**WHAT YOU ARE ASKED TO DO**: In the entries below, begin at the line that has "Atlanta tranny strip" and stop after the line that has "SYMPATHY FOR DELICIOUS"; output those lines exactly, leaving out pictures.

**EXTRACTED INFORMATION**:
────────────────

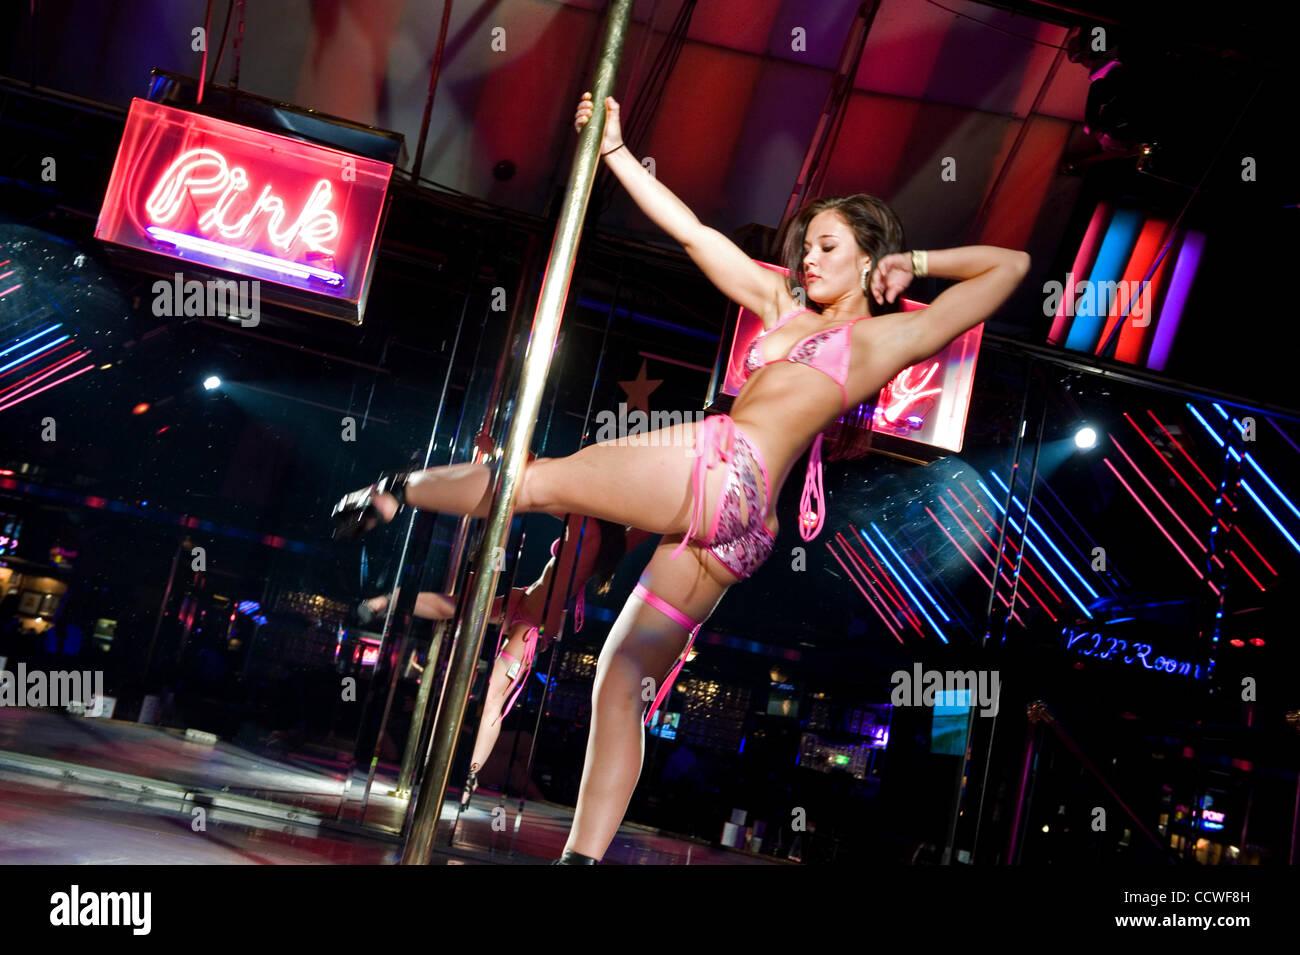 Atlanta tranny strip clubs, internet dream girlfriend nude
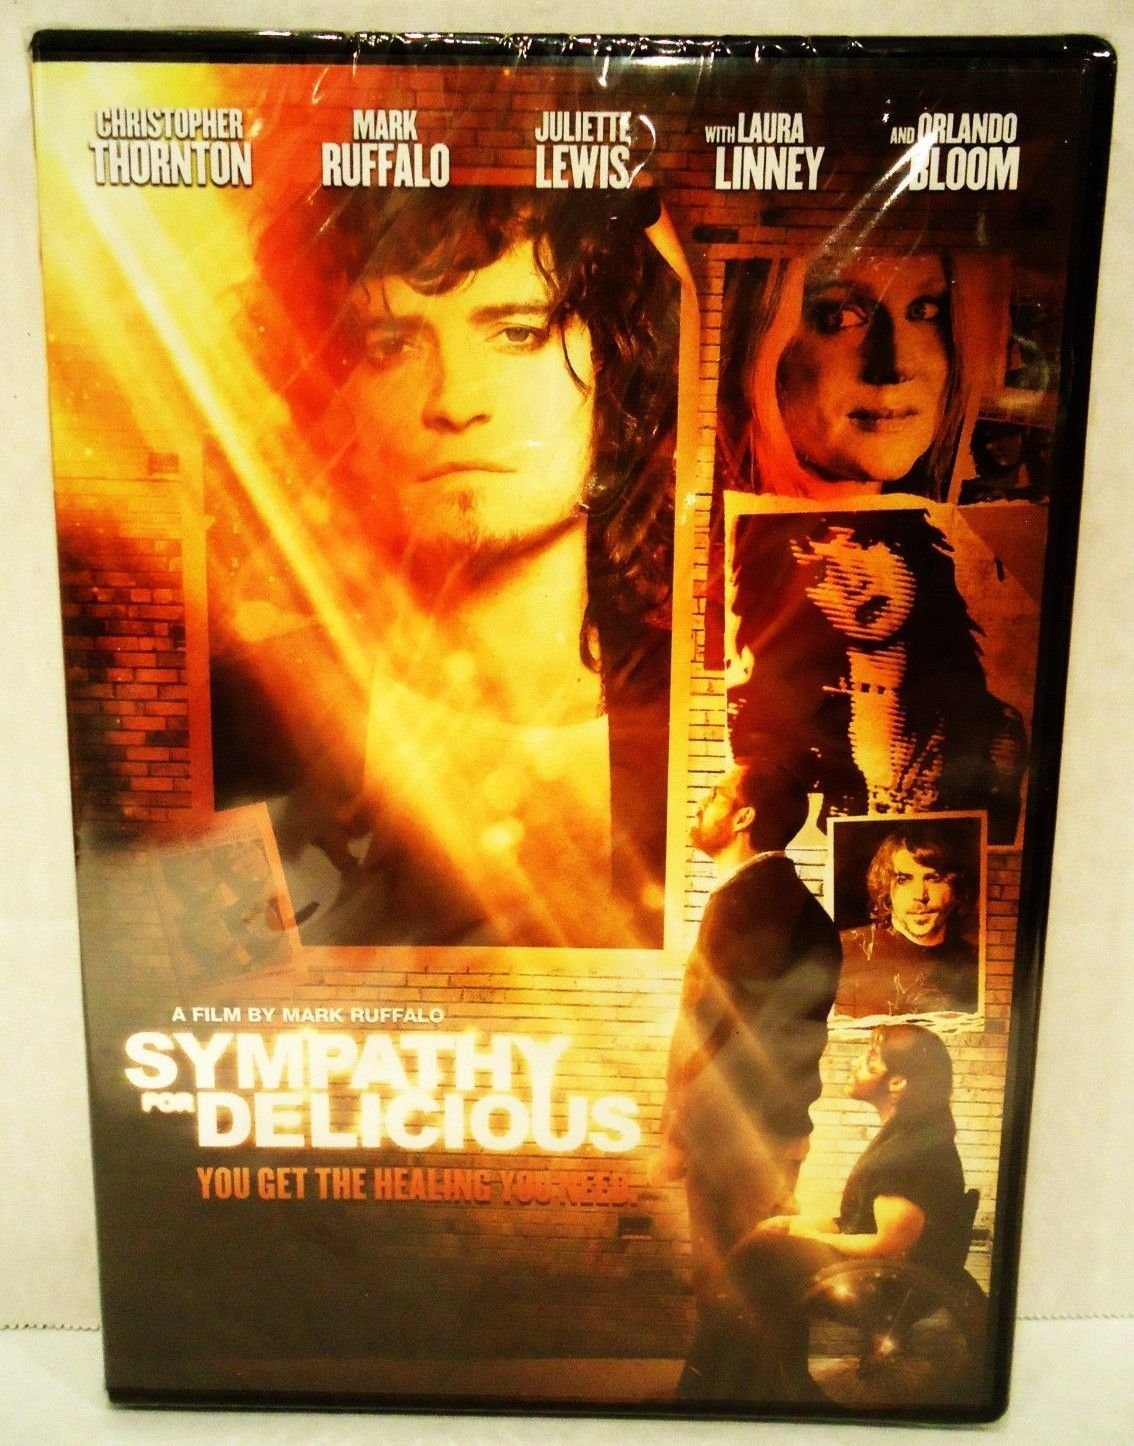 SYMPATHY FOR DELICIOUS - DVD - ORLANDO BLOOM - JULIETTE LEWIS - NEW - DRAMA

────────────────

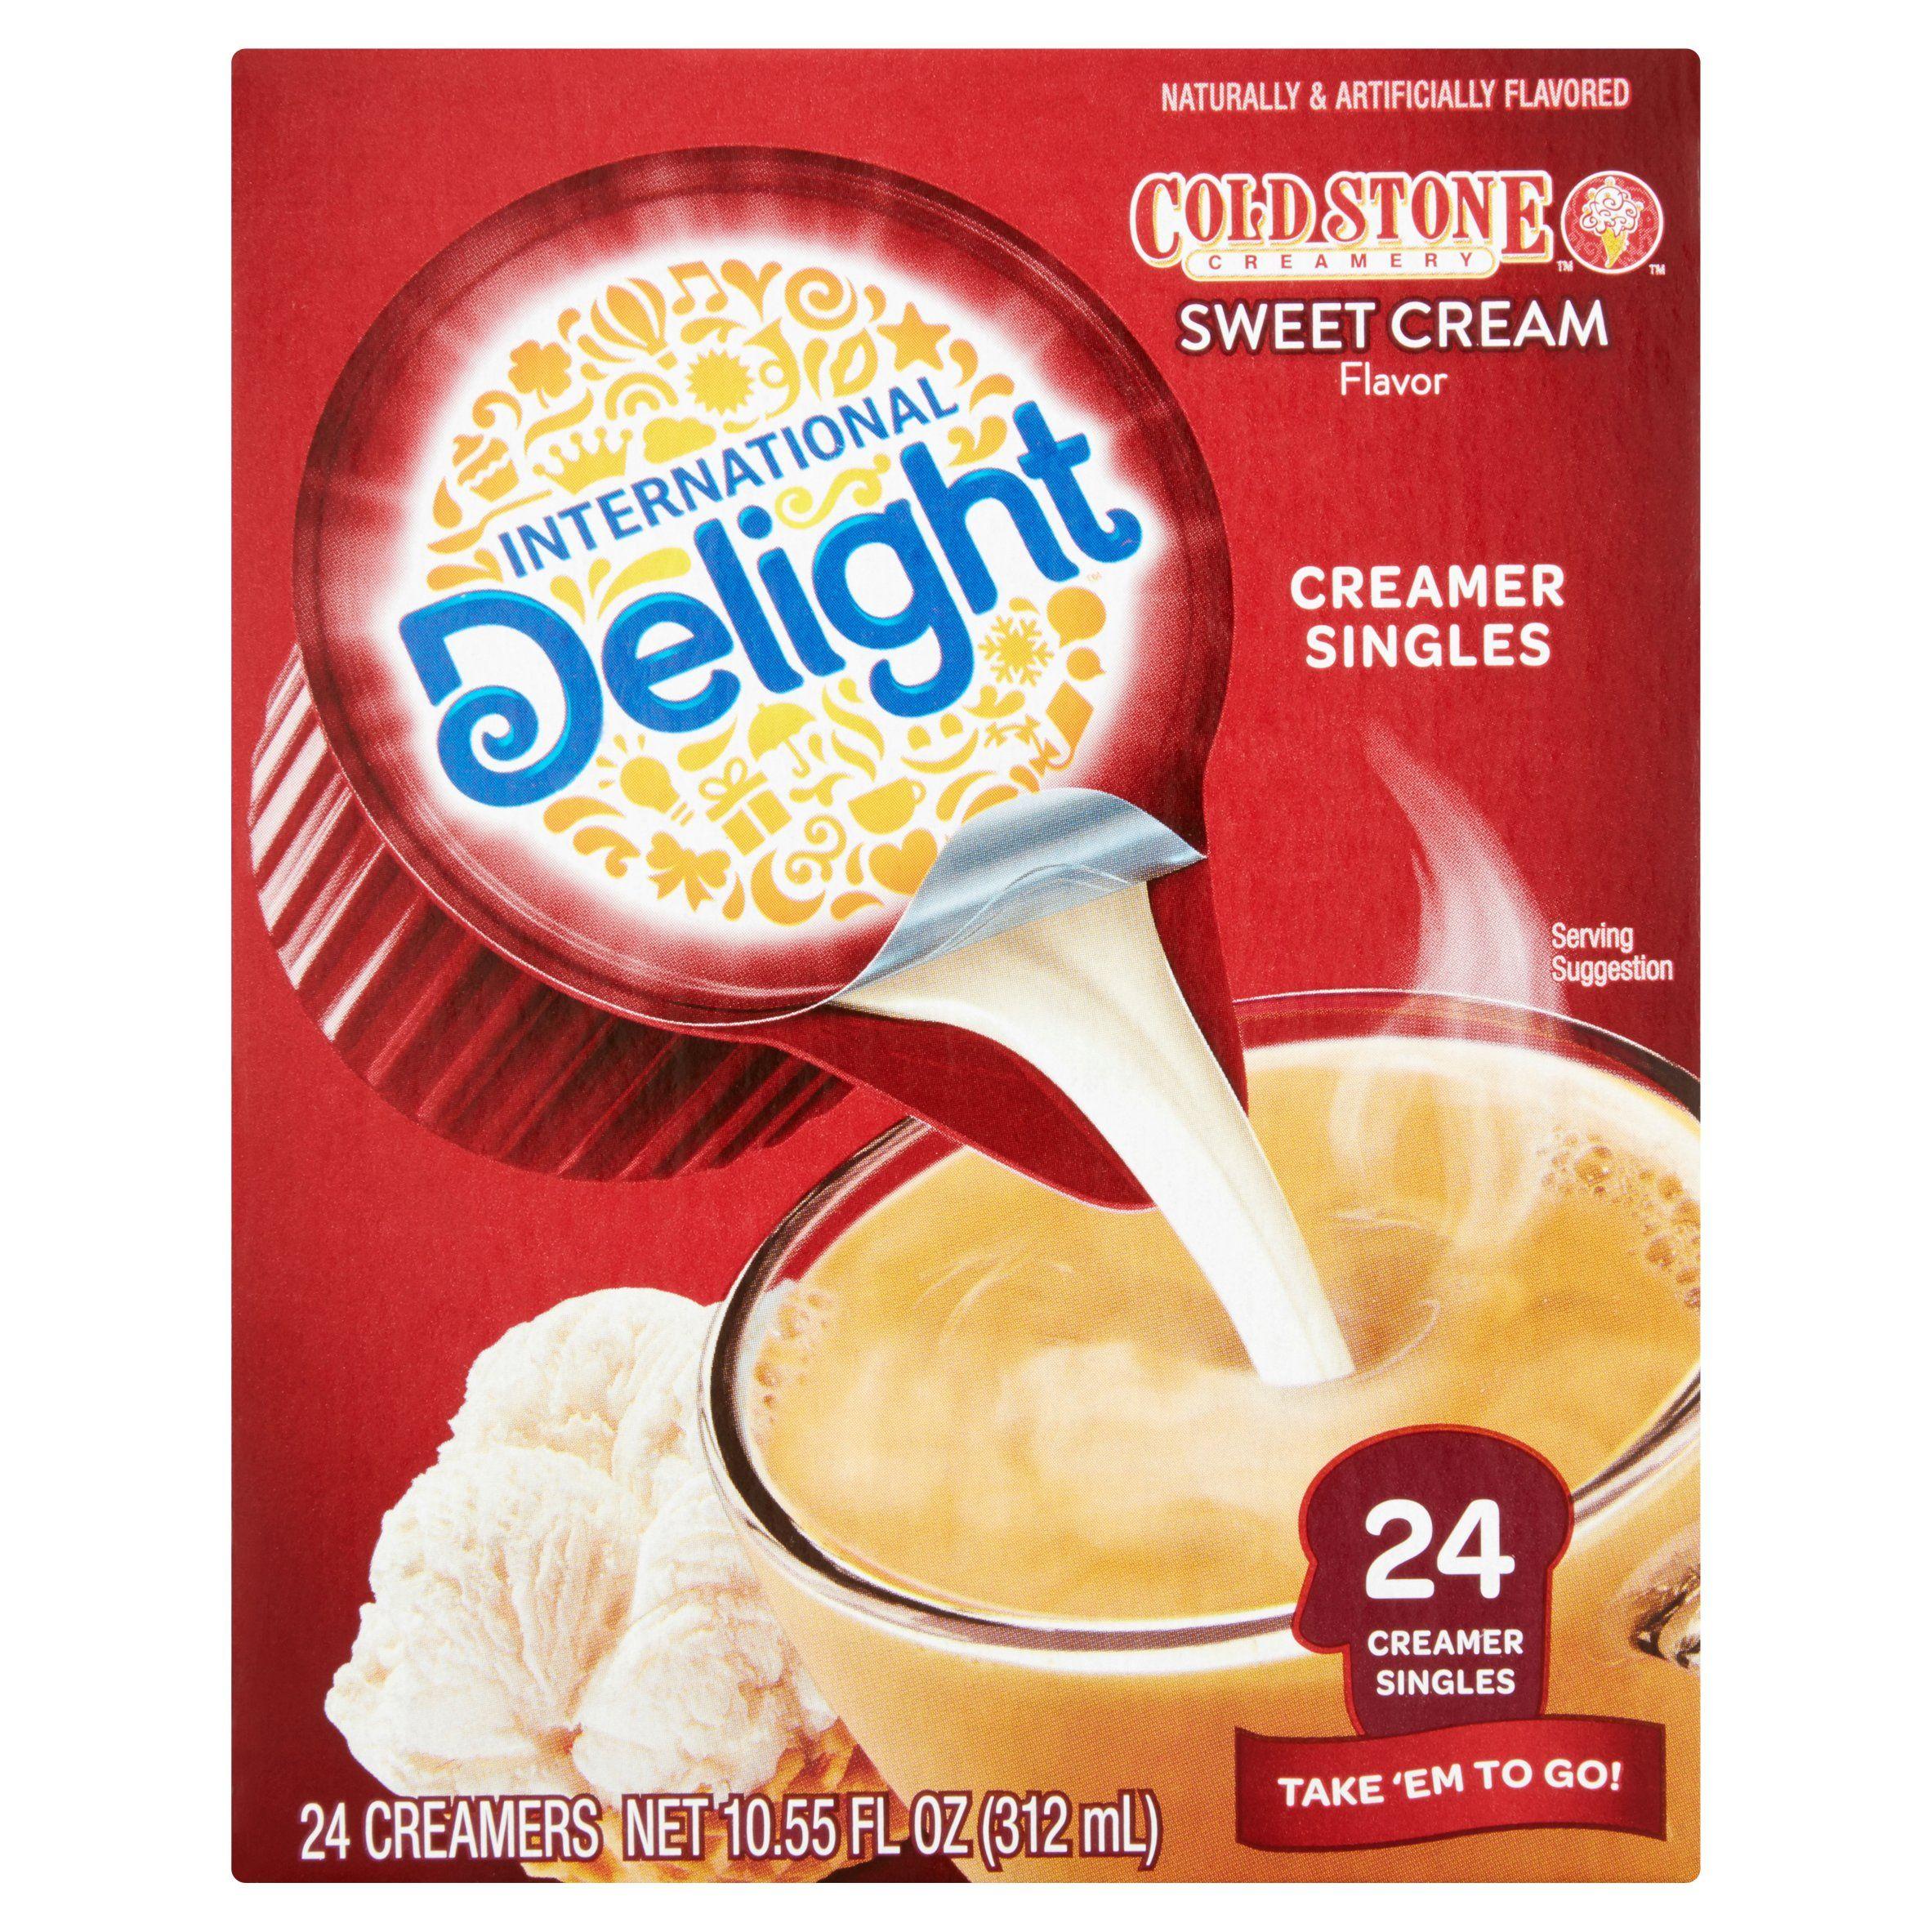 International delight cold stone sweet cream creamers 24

────────────────

**RESPONSE AREA**:
 Atlanta tranny strip clubs, internet dream girlfriend nude
 SYMPATHY FOR DELICIOUS - DVD - ORLANDO BLOOM - JULIETTE LEWIS - NEW - DRAMA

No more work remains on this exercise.